Objetivo é chamar atenção da sociedade para a realidade vivida pela agricultura e pela pecuária familiar. Milhares de agricultores participaram do ato na Praça da República

Produtores rurais dos quatro cantos do Rio Grande do Sul realizaram na quarta-feira, dia 16 de fevereiro, uma das maiores mobilizações em favor da agricultura do Brasil. O 10º Grito de Alerta reuniu cerca de cinco mil pessoas na Praça da República e cobra, das autoridades governamentais, celeridade na implantação de medidas que auxiliem os homens e mulheres do campo a enfrentar a estiagem que assola o estado. O ato, com objetivo principal da busca pela renegociação das dívidas e da criação de um crédito emergencial para atender os agricultores afetados, é organizado pela Federação dos Trabalhadores na Agricultura no Rio Grande do Sul (Fetag-RS), contando com apoio das Regionais Sindicais.

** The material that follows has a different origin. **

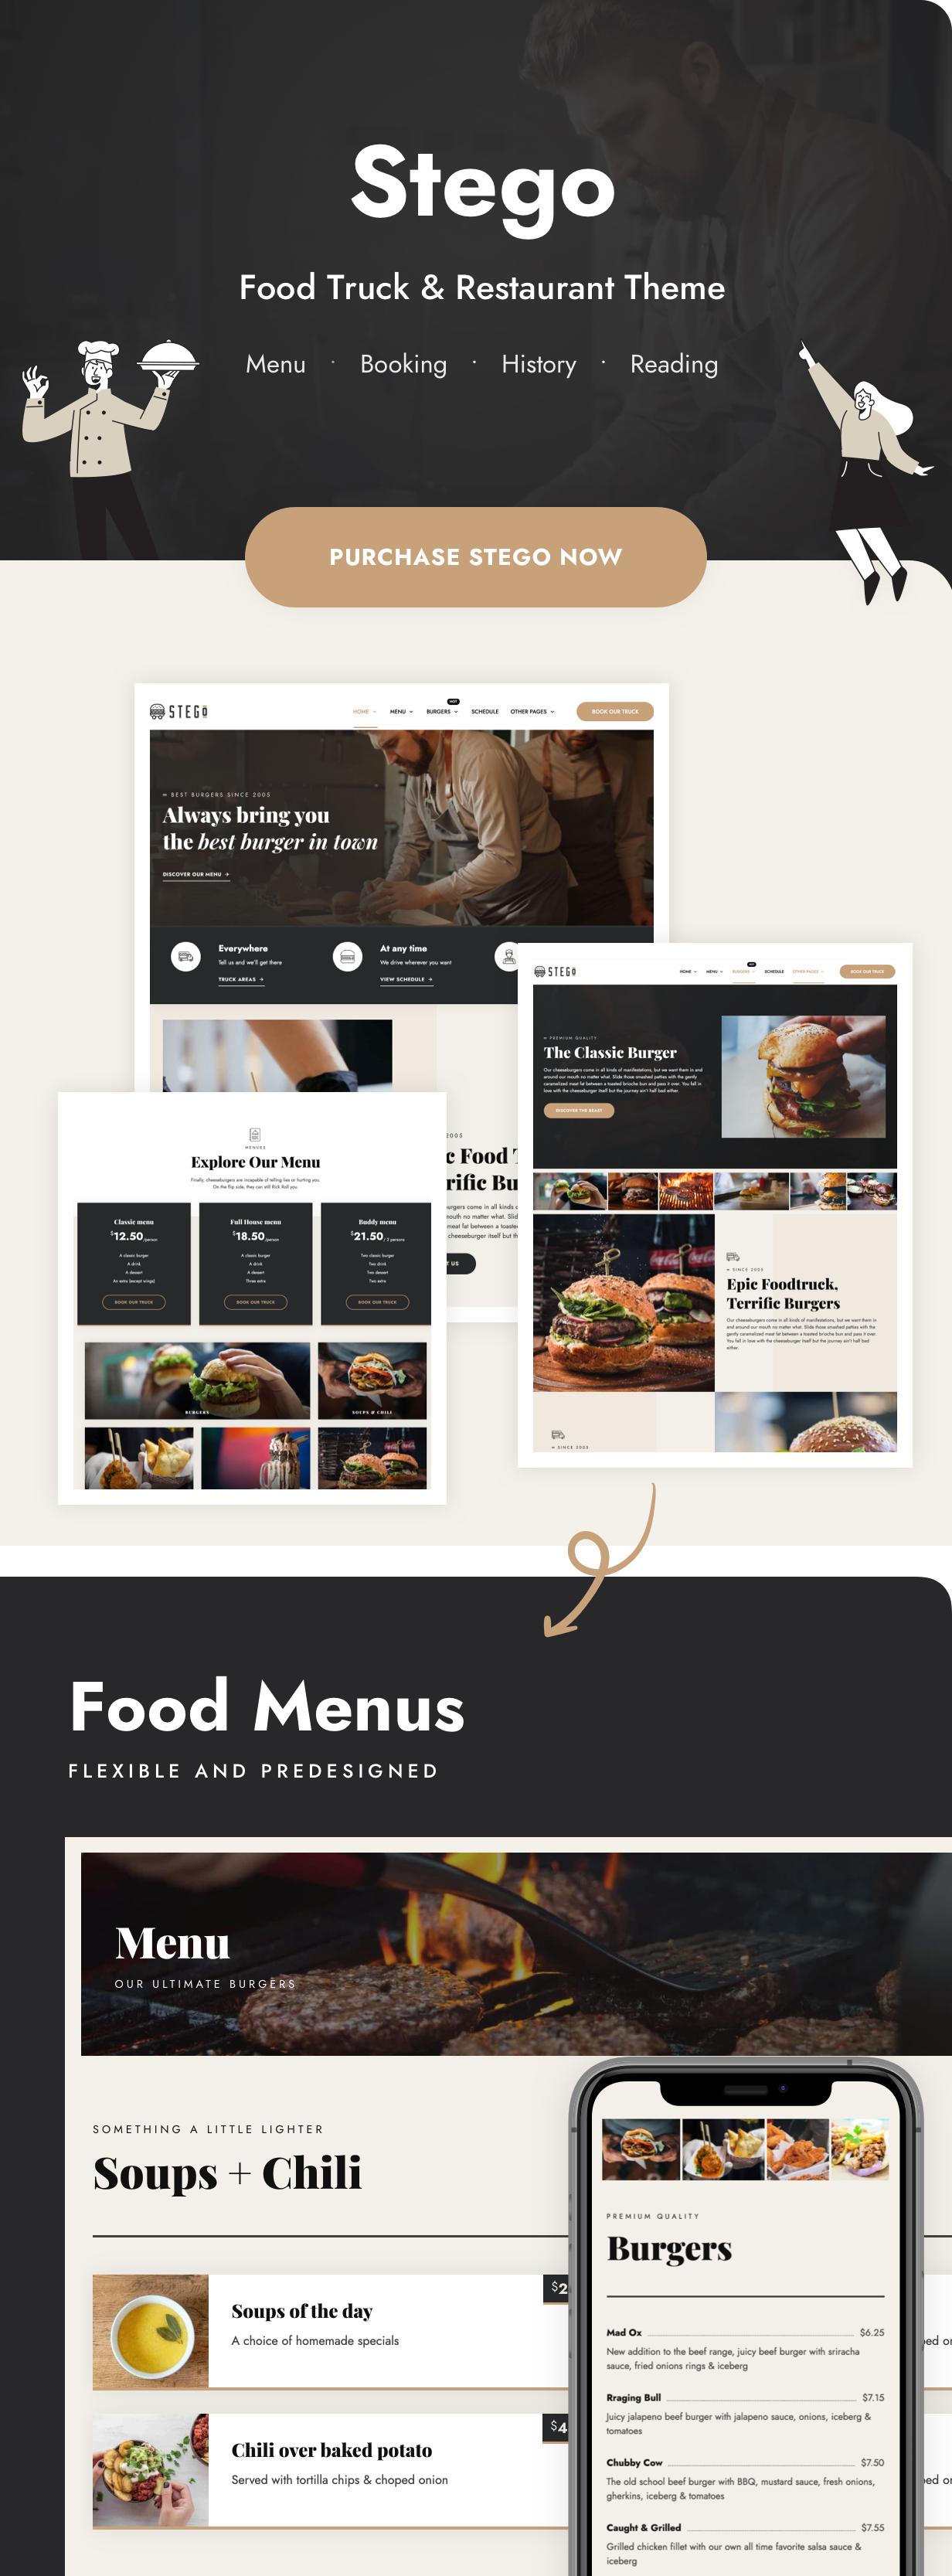 Stego - Food Truck & Restaurant Theme - 4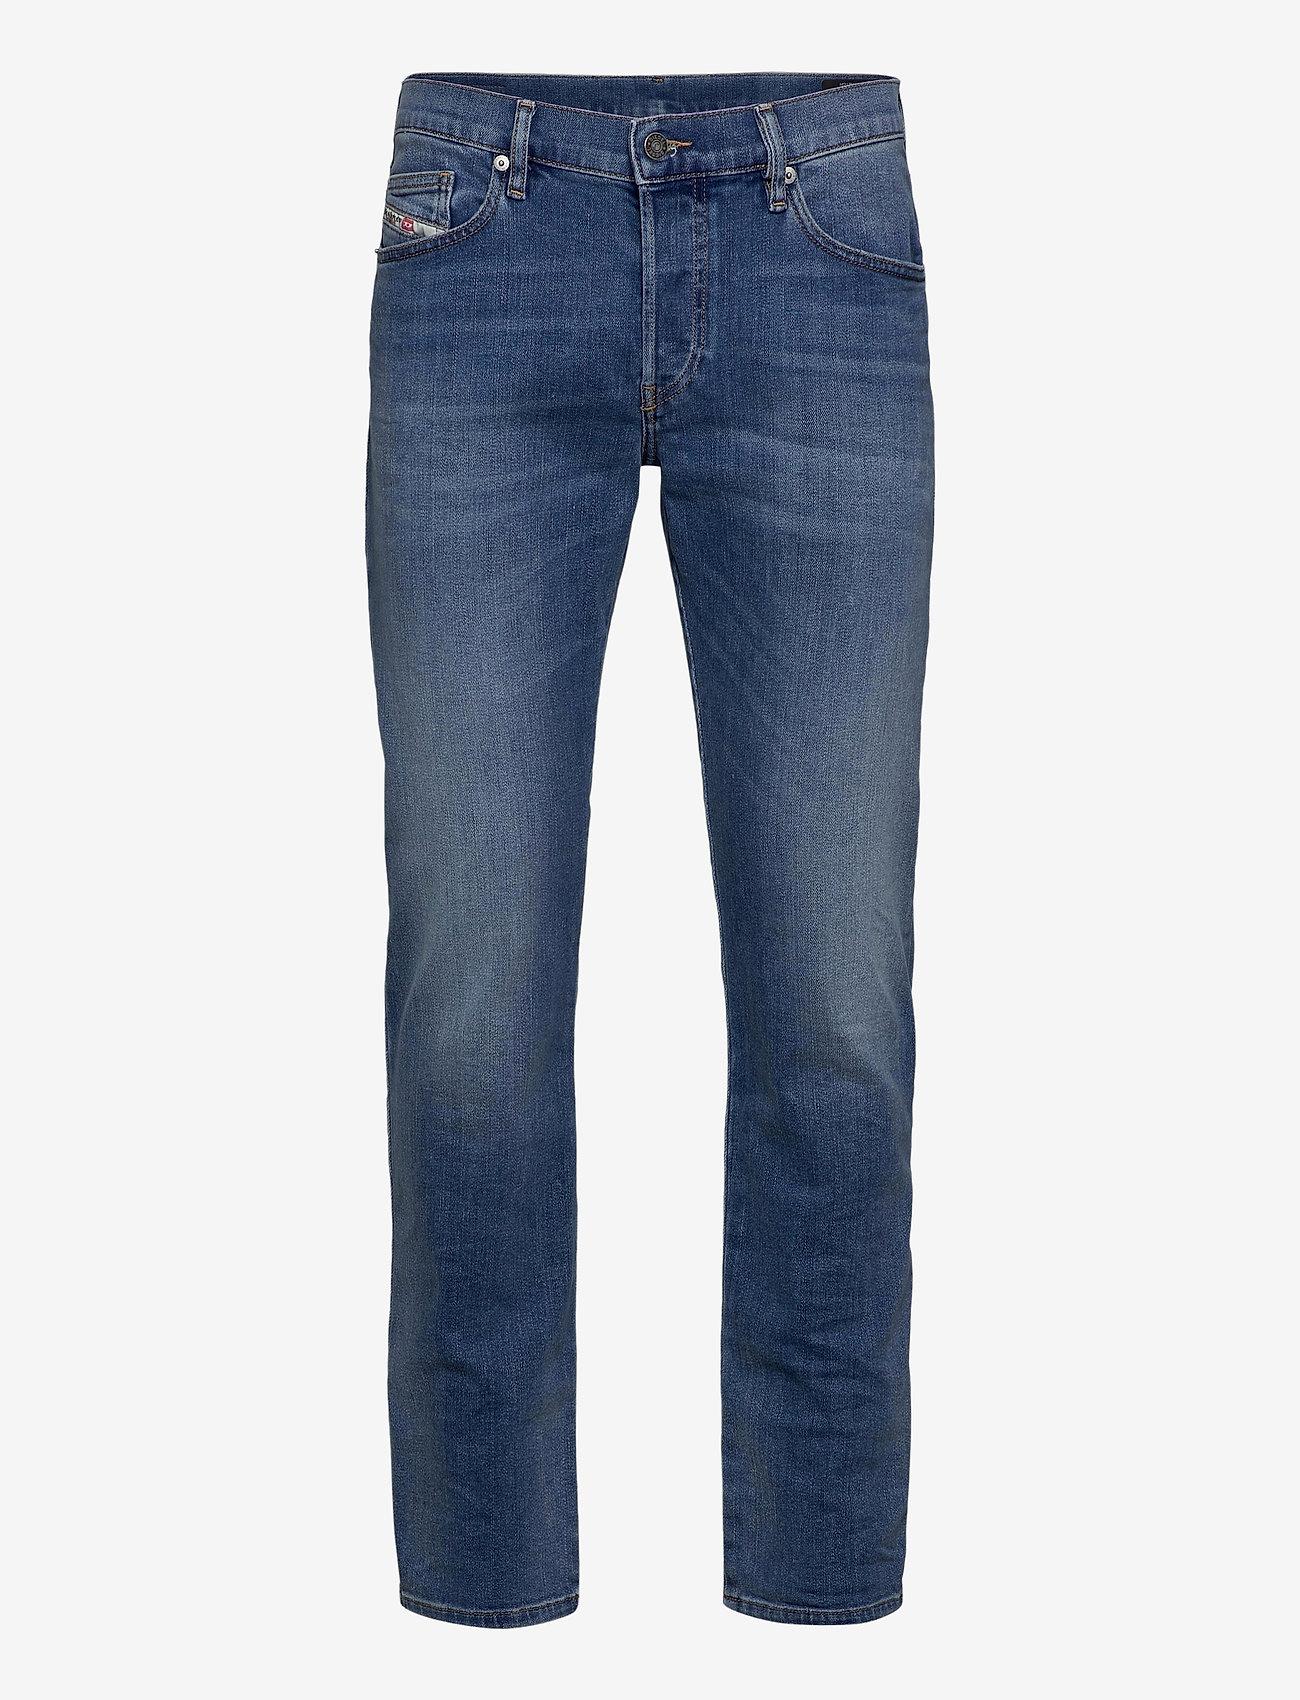 Diesel Men - D-MIHTRY L.30 TROUSERS - regular jeans - denim - 0

O Sindicato dos Trabalhadores Rurais (STR), de Guaporé, presido por Fernando Marcolin, esteve representado com uma comitiva de cerca de 15 produtores. Todos lutando e chamando a atenção da sociedade para a realidade vivida pela agricultura e pela pecuária familiar, que vem enfrentando sérias dificuldades para produzir alimentos e obter recursos para a sua própria subsistência. O evento, com o slogan “Chega de promessa! Queremos AÇÃO!”, tratou sobre diversas pautas. Entre elas, destacam-se: diminuição dos custos de produção; mais recursos para o PNAE e PAA; polícias de incentivo à juventude rural; política de preços dos combustíveis; retorno do subsídio para energia elétrica no meio rural, entre outras.

“O movimento sindical está pressionando os governos porque nas últimas três estiagens os produtores é que acabaram pagando a conta. Só promessas e poucas ações concretas foram executadas em favor de quem coloca o alimento na mesa da população. Não recebemos anistia e nem subsídios dos Governos Federal e Estadual. Os agricultores não estão cobrando nada além dos seus direitos. Queremos a valorização dos agricultores, principalmente dos familiares. Muitos estão pensando em desistir, infelizmente”, disse Marcolin que, em virtude de problemas particulares, não pode acompanhar a comitiva.

Ao longo da pandemia do coronavírus (Covid-19), segundo o presidente do STR Guaporé, o setor primário foi um dos maiores prejudicados e os produtores sentiram na pele os efeitos do aumento nos custos de produção de toda a cadeia produtiva.